Re: [RFC PATCH V4 1/4] media: v4l2-mem2mem: add v4l2_m2m_suspend, v4l2_m2m_resume

Ezequiel Garcia <ezequiel@xxxxxxxxxxxxxxxxxxxx> · Wed, 10 Jun 2020 16:14:30 -0300

On Wed, 10 Jun 2020 at 16:03, Tomasz Figa <tfiga@xxxxxxxxxxxx> wrote:
>
> On Wed, Jun 10, 2020 at 03:52:39PM -0300, Ezequiel Garcia wrote:
> > Hi everyone,
> >
> > Thanks for the patch.
> >
> > On Wed, 10 Jun 2020 at 07:33, Tomasz Figa <tfiga@xxxxxxxxxxxx> wrote:
> > >
> > > On Wed, Jun 10, 2020 at 12:29 PM Hans Verkuil <hverkuil@xxxxxxxxx> wrote:
> > > >
> > > > On 21/05/2020 19:11, Tomasz Figa wrote:
> > > > > Hi Jerry,
> > > > >
> > > > > On Wed, Dec 04, 2019 at 08:47:29PM +0800, Jerry-ch Chen wrote:
> > > > >> From: Pi-Hsun Shih <pihsun@xxxxxxxxxxxx>
> > > > >>
> > > > >> Add two functions that can be used to stop new jobs from being queued /
> > > > >> continue running queued job. This can be used while a driver using m2m
> > > > >> helper is going to suspend / wake up from resume, and can ensure that
> > > > >> there's no job running in suspend process.
> [snip]
> > > >
> > > > I assume this will be part of a future patch series that calls these new functions?
> > >
> > > The mtk-jpeg encoder series depends on this patch as well, so I guess
> > > it would go together with whichever is ready first.
> > >
> > > I would also envision someone changing the other existing drivers to
> > > use the helpers, as I'm pretty much sure some of them don't handle
> > > suspend/resume correctly.
> > >
> >
> > This indeed looks very good. If I understood the issue properly,
> > the change would be useful for both stateless (e.g. hantro, et al)
> > and stateful (e.g. coda) codecs.
> >
> > Hantro uses pm_runtime_force_suspend, and I believe that
> > could is enough for proper suspend/resume operation.
>
> Unfortunately, no. :(
>
> If the decoder is already decoding a frame, that would forcefully power
> off the hardware and possibly even cause a system lockup if we are
> unlucky to gate a clock in the middle of a bus transaction.
>

pm_runtime_force_suspend calls pm_runtime_disable, which
says:

"""
 Increment power.disable_depth for the device and if it was zero previously,
 cancel all pending runtime PM requests for the device and wait for all
 operations in progress to complete.
"""

Doesn't this mean it waits for the current job (if there is one) and
prevents any new jobs to be issued?

> I just inspected the code now and actually found one more bug in its
> power management handling. device_run() calls clk_bulk_enable() before
> pm_runtime_get_sync(), but only the latter is guaranteed to actually
> power on the relevant power domains, so we end up clocking unpowered
> hardware.
>

How about we just move clk_enable/disable to runtime PM?

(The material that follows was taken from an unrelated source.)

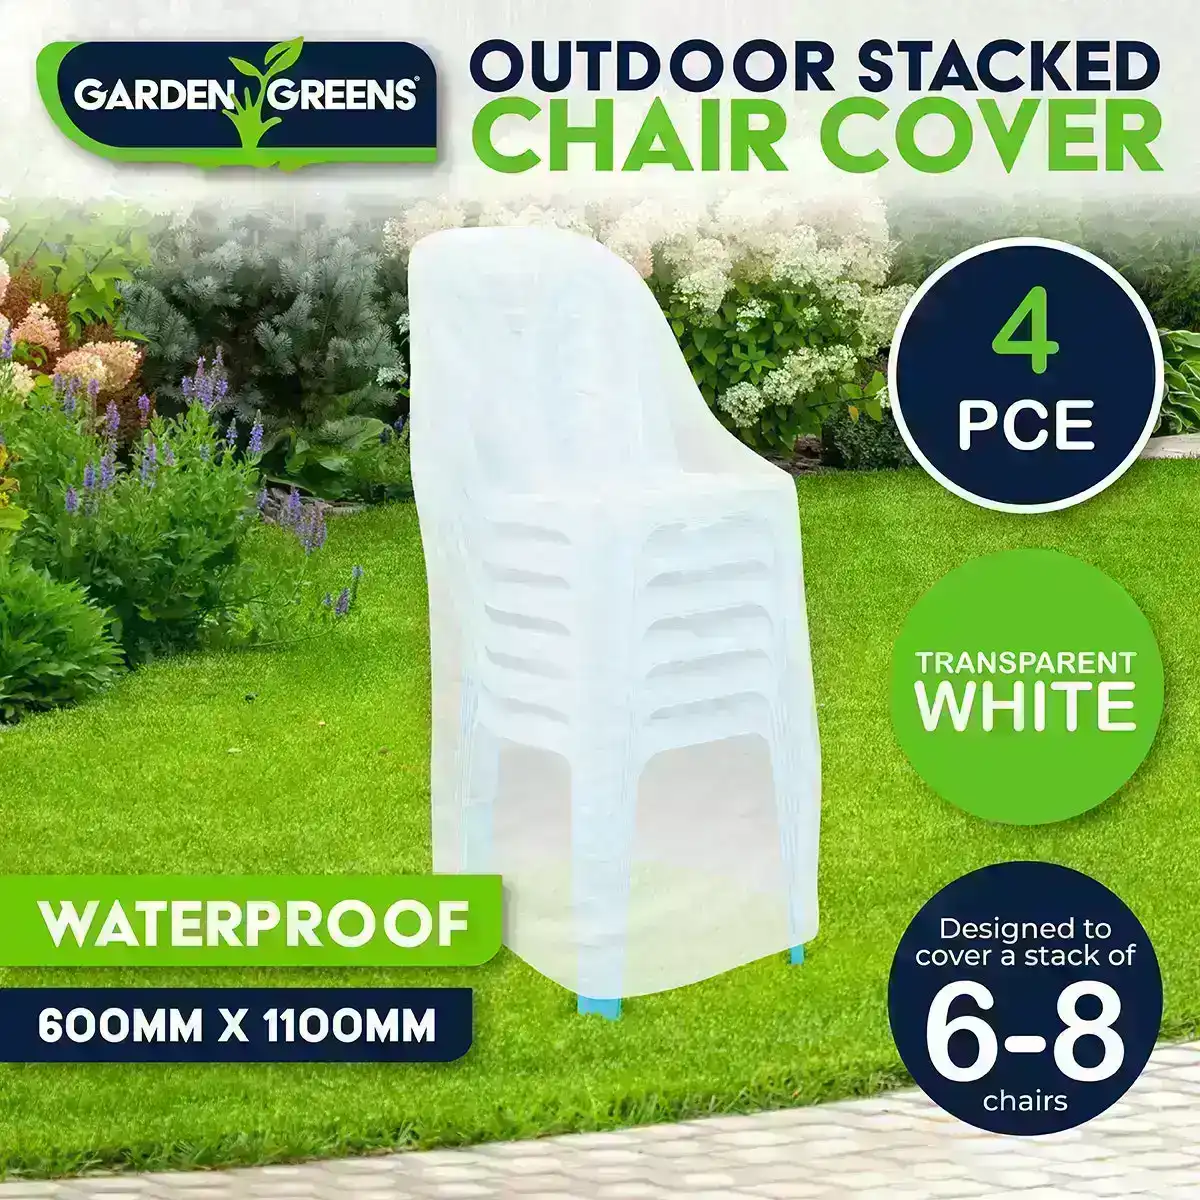 Garden Greens® 4PK Outdoor Stacked Chair Covers Waterproof 60cm x 110cm

Since we use autosuspend delay, it theoretically has
some impact, which is why I was refraining from doing so.

I can't decide if this impact would be marginal or significant.

> >
> > I'm not seeing any code in CODA to handle this, so not sure
> > how it's handling suspend/resume.
> >
> > Maybe we can have CODA as the first user, given it's a well-maintained
> > driver and should be fairly easy to test.
>
> I remember checking a number of drivers using the m2m helpers randomly
> and none of them implemented suspend/resume correctly. I suppose that
> was not discovered because normally the userspace itself would stop the
> operation before the system is suspended, although it's not an API
> guarantee.
>

Indeed. Do you have any recomendations for how we could
test this case to make sure we are handling it correctly?

> Best regards,
> Tomasz